Content starts

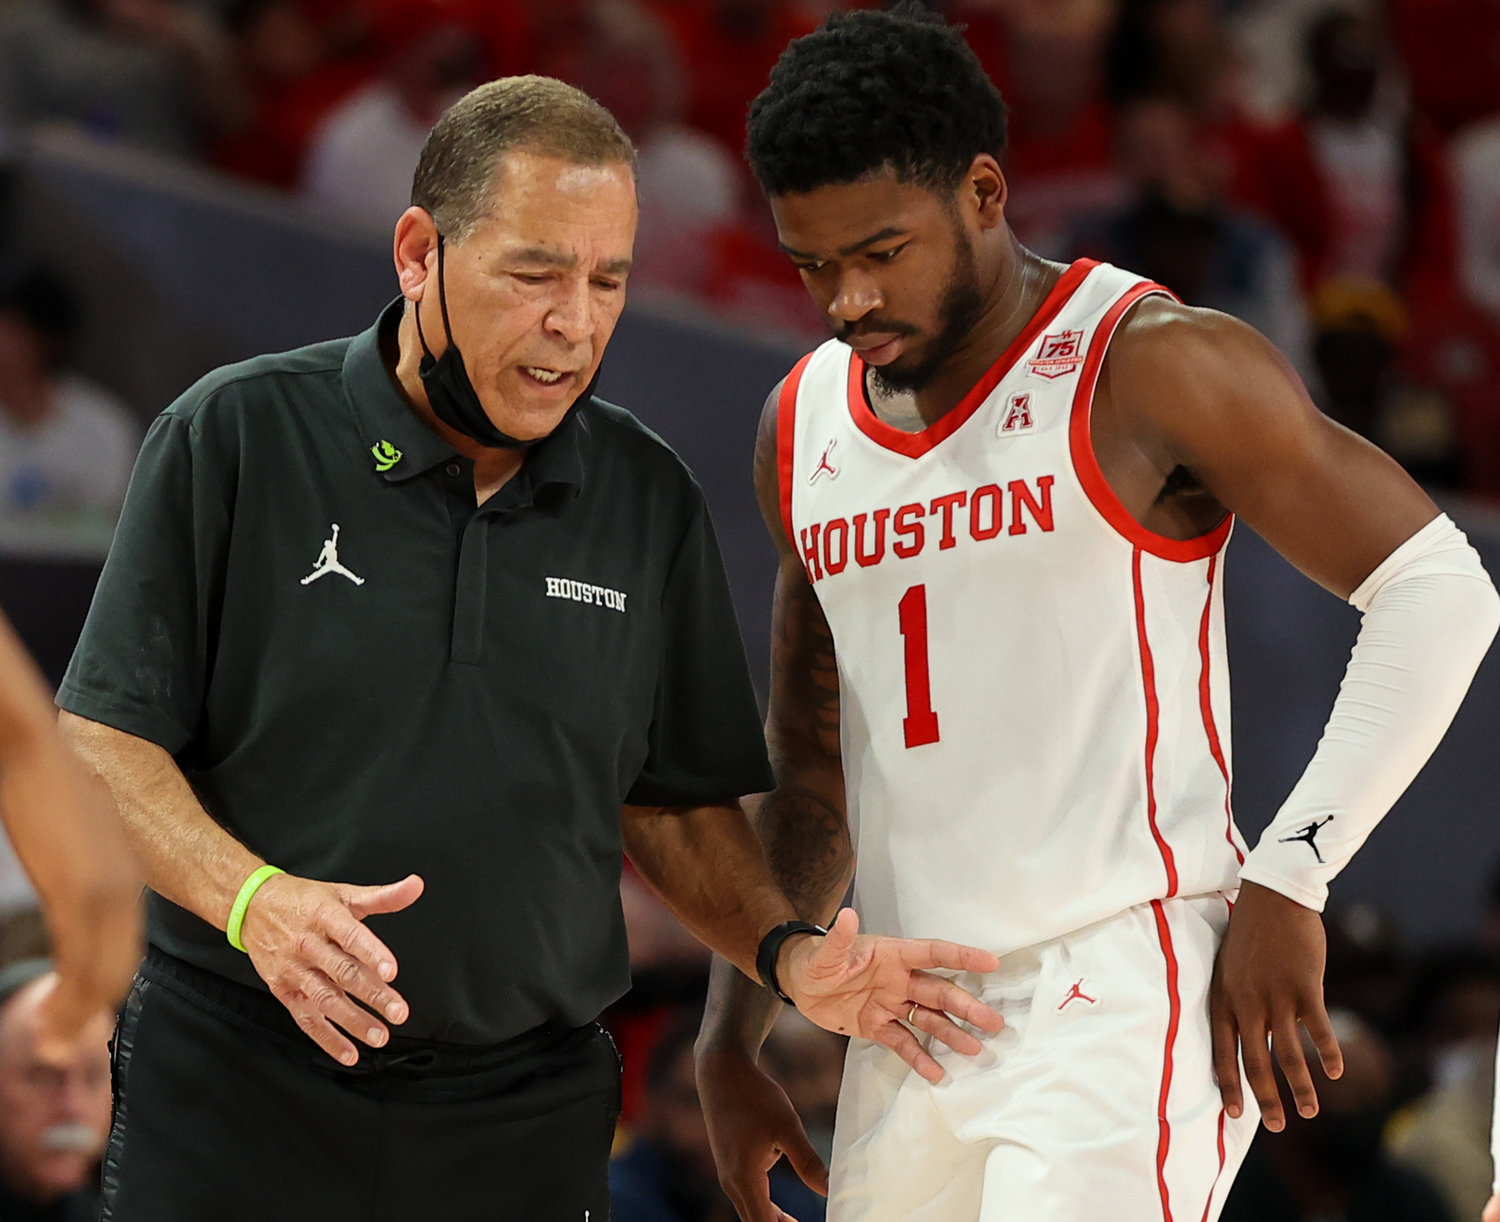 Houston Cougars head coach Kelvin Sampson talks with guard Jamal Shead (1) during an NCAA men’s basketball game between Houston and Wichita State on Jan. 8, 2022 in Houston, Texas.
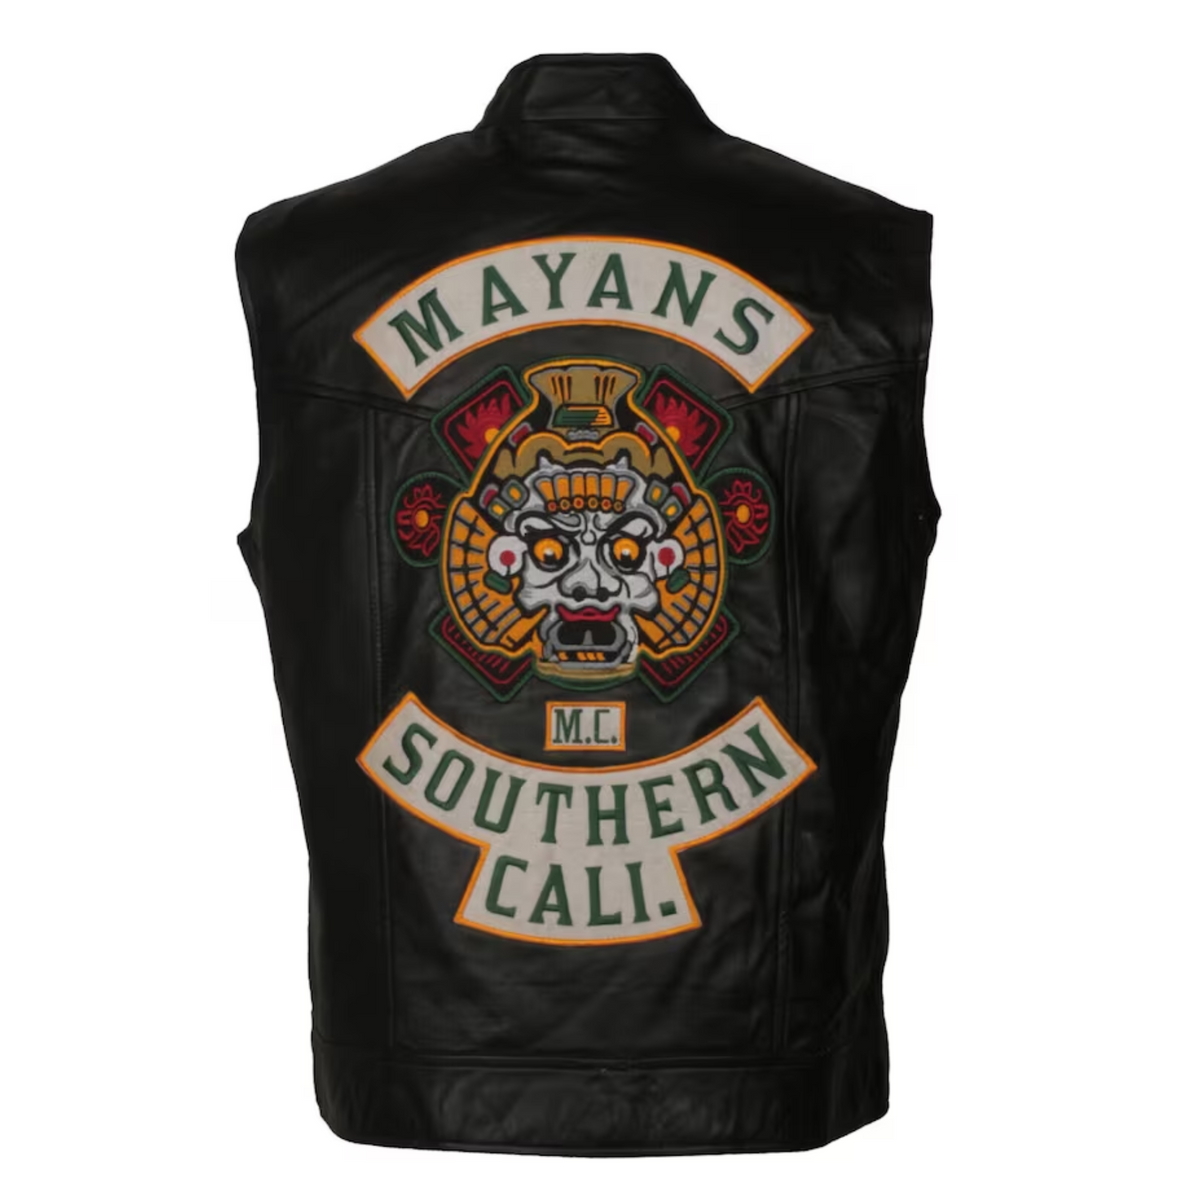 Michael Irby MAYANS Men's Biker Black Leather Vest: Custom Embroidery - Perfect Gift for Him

Content ends
Content starts

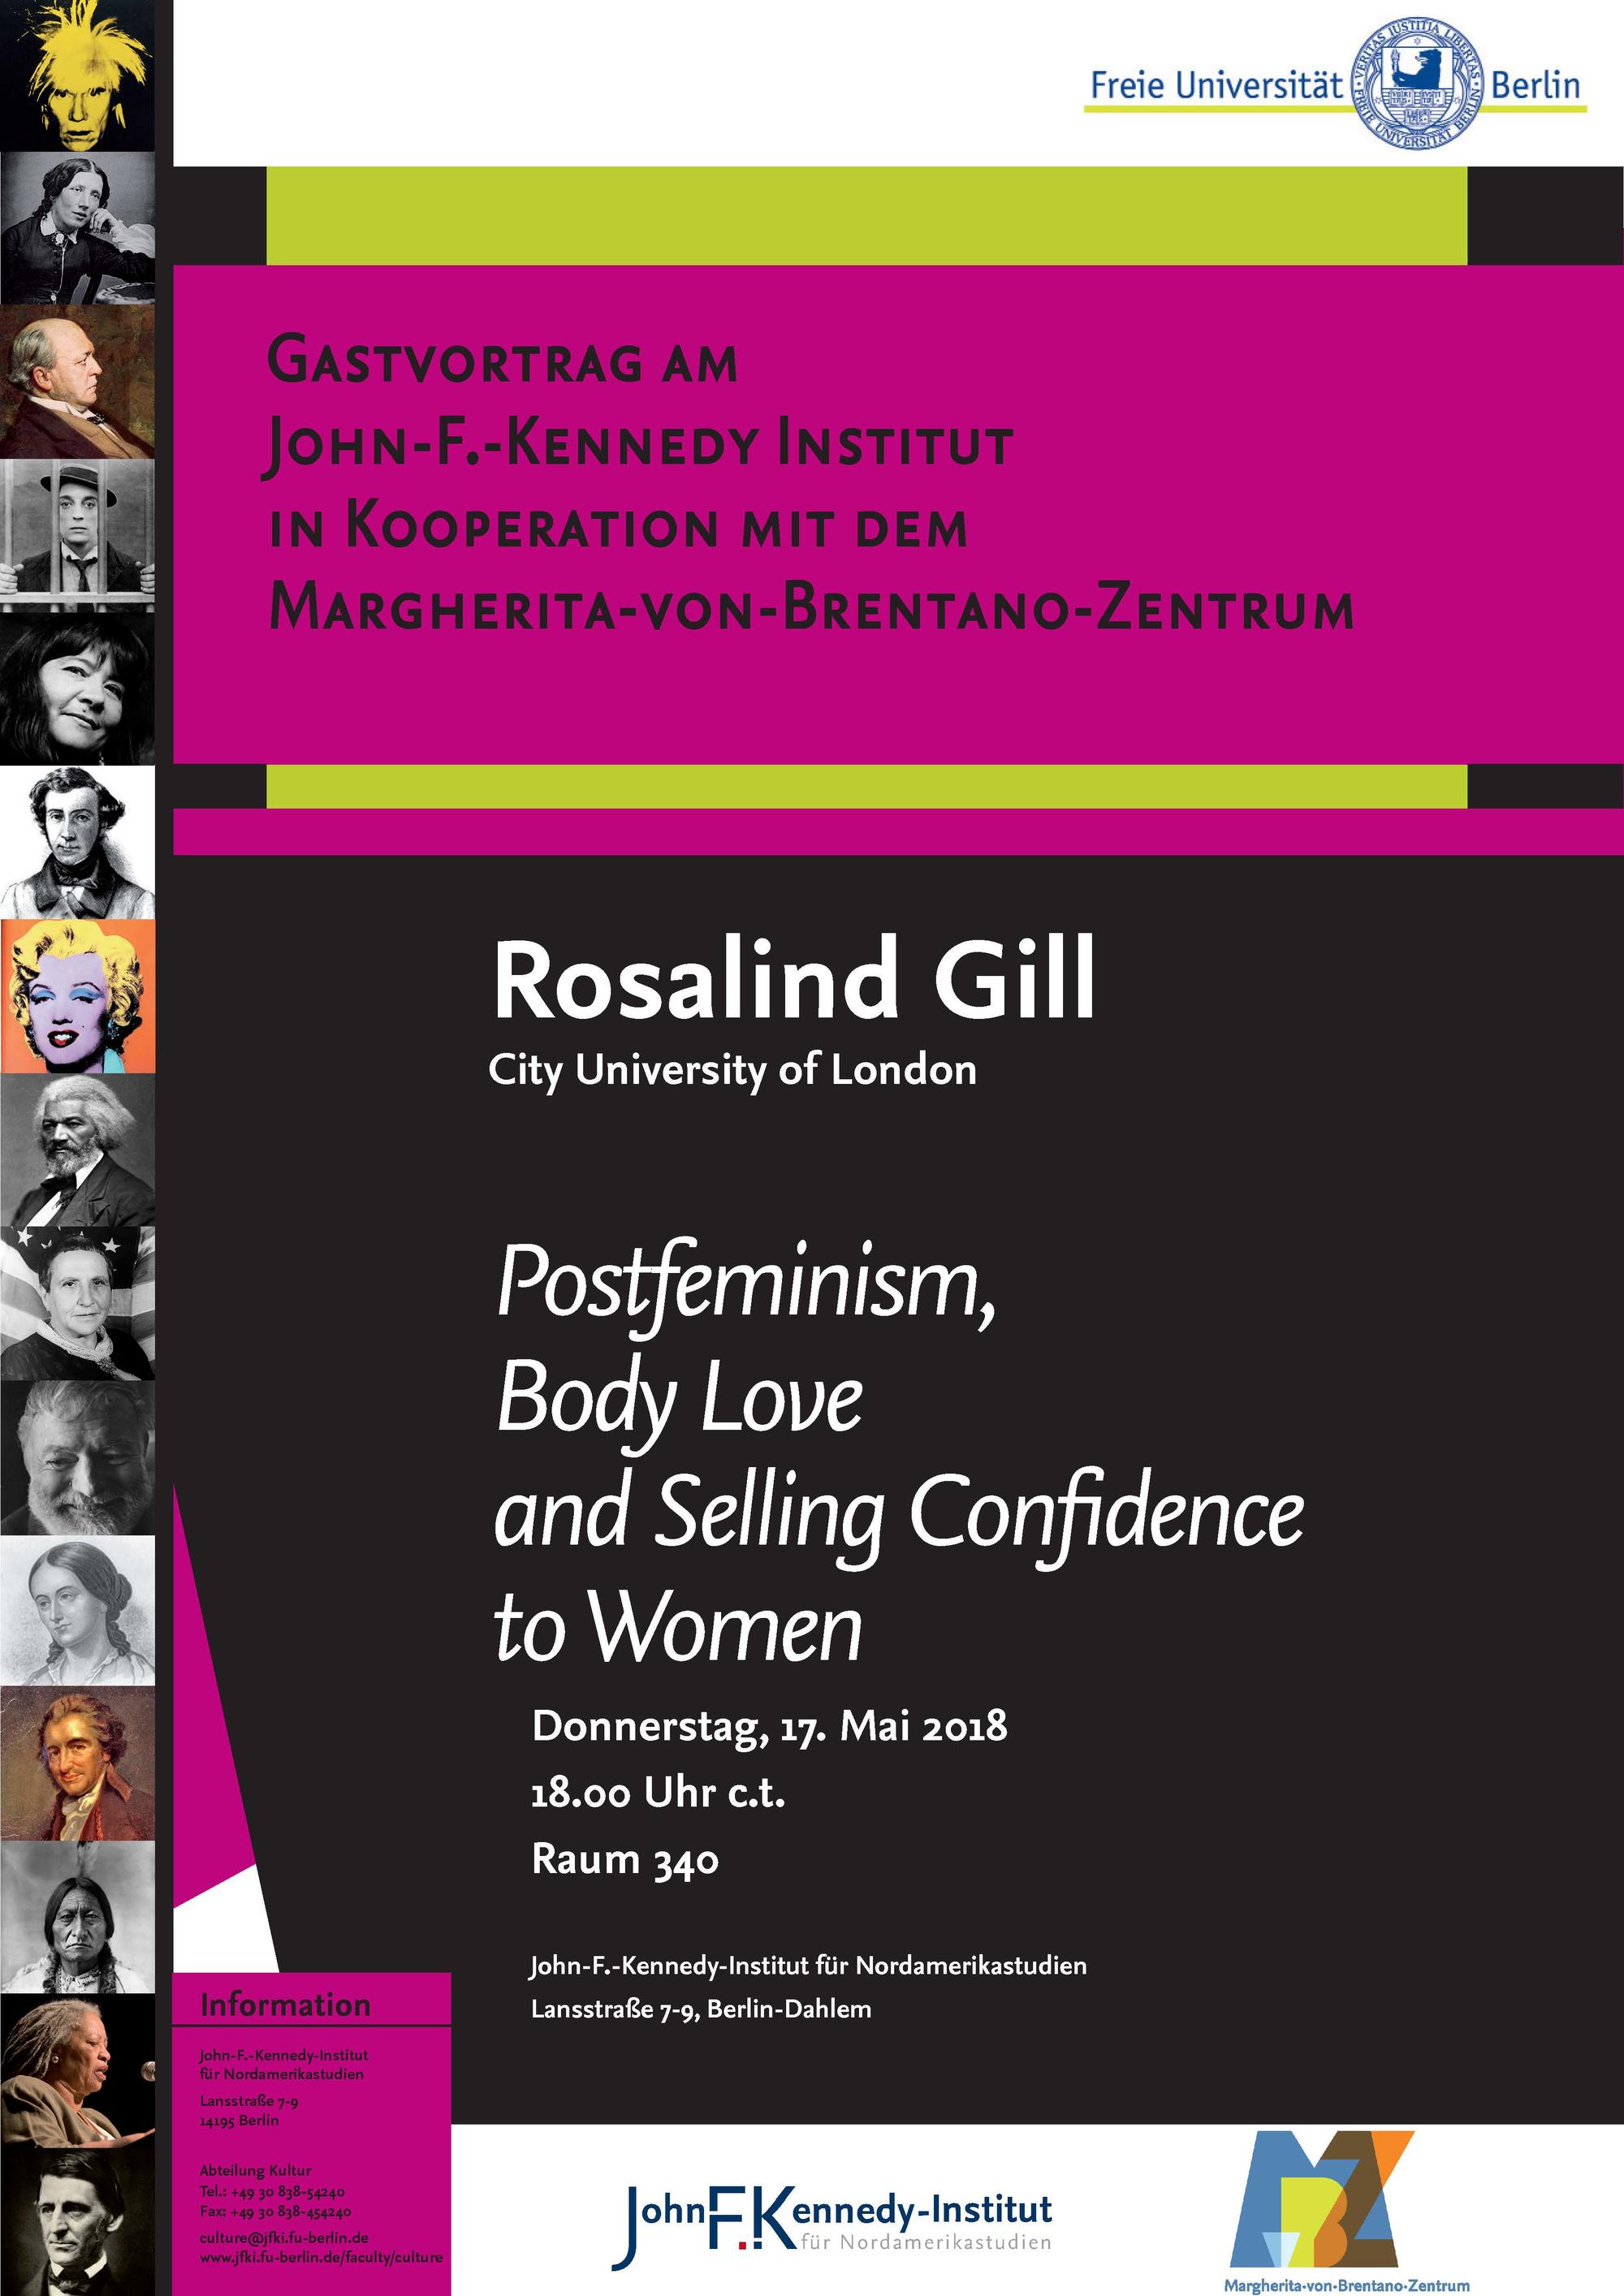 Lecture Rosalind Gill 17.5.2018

Content ends
Content starts

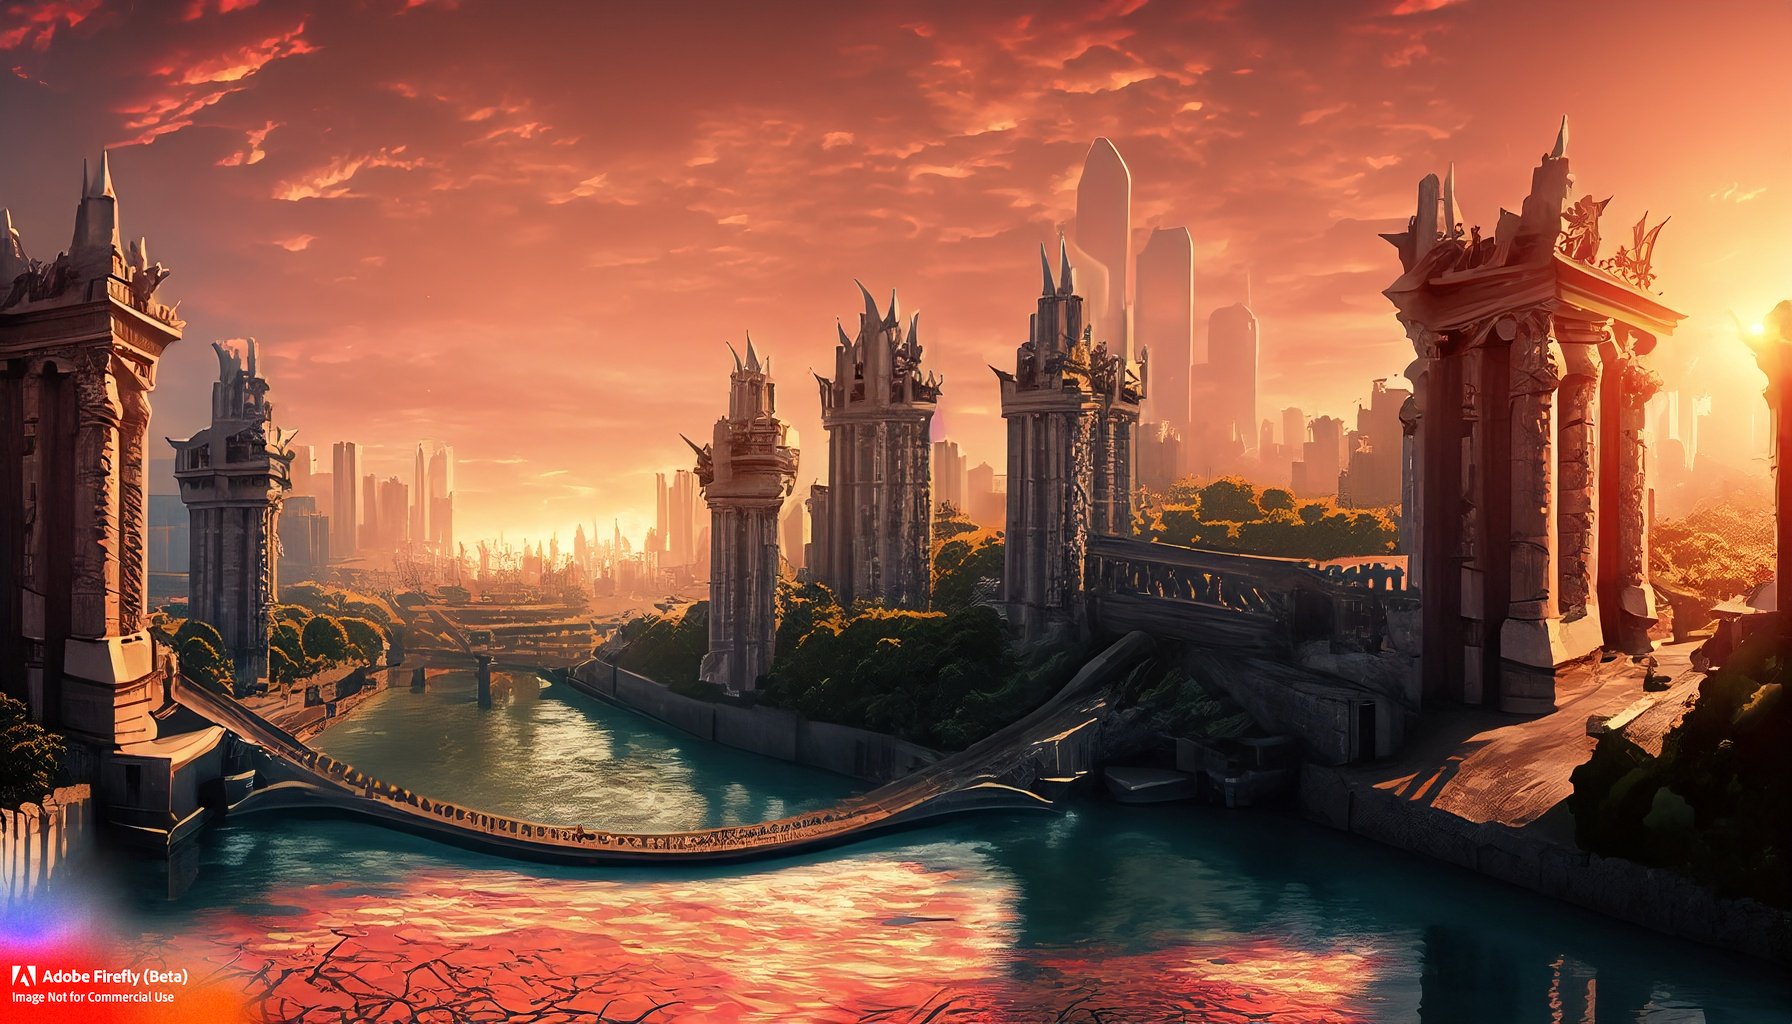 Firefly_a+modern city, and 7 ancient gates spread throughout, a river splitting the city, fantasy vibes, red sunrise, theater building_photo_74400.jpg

Content ends

• PROBLEM REQUIREMENTS:
What is needed is an exact copy of the lines above, from the one holding "Houston Cougars head" down to the one holding "Michael Irby MAYANS", with those two included and the pictures left out.

• TASK RESPONSE:
 Houston Cougars head coach Kelvin Sampson talks with guard Jamal Shead (1) during an NCAA men’s basketball game between Houston and Wichita State on Jan. 8, 2022 in Houston, Texas.
 Michael Irby MAYANS Men's Biker Black Leather Vest: Custom Embroidery - Perfect Gift for Him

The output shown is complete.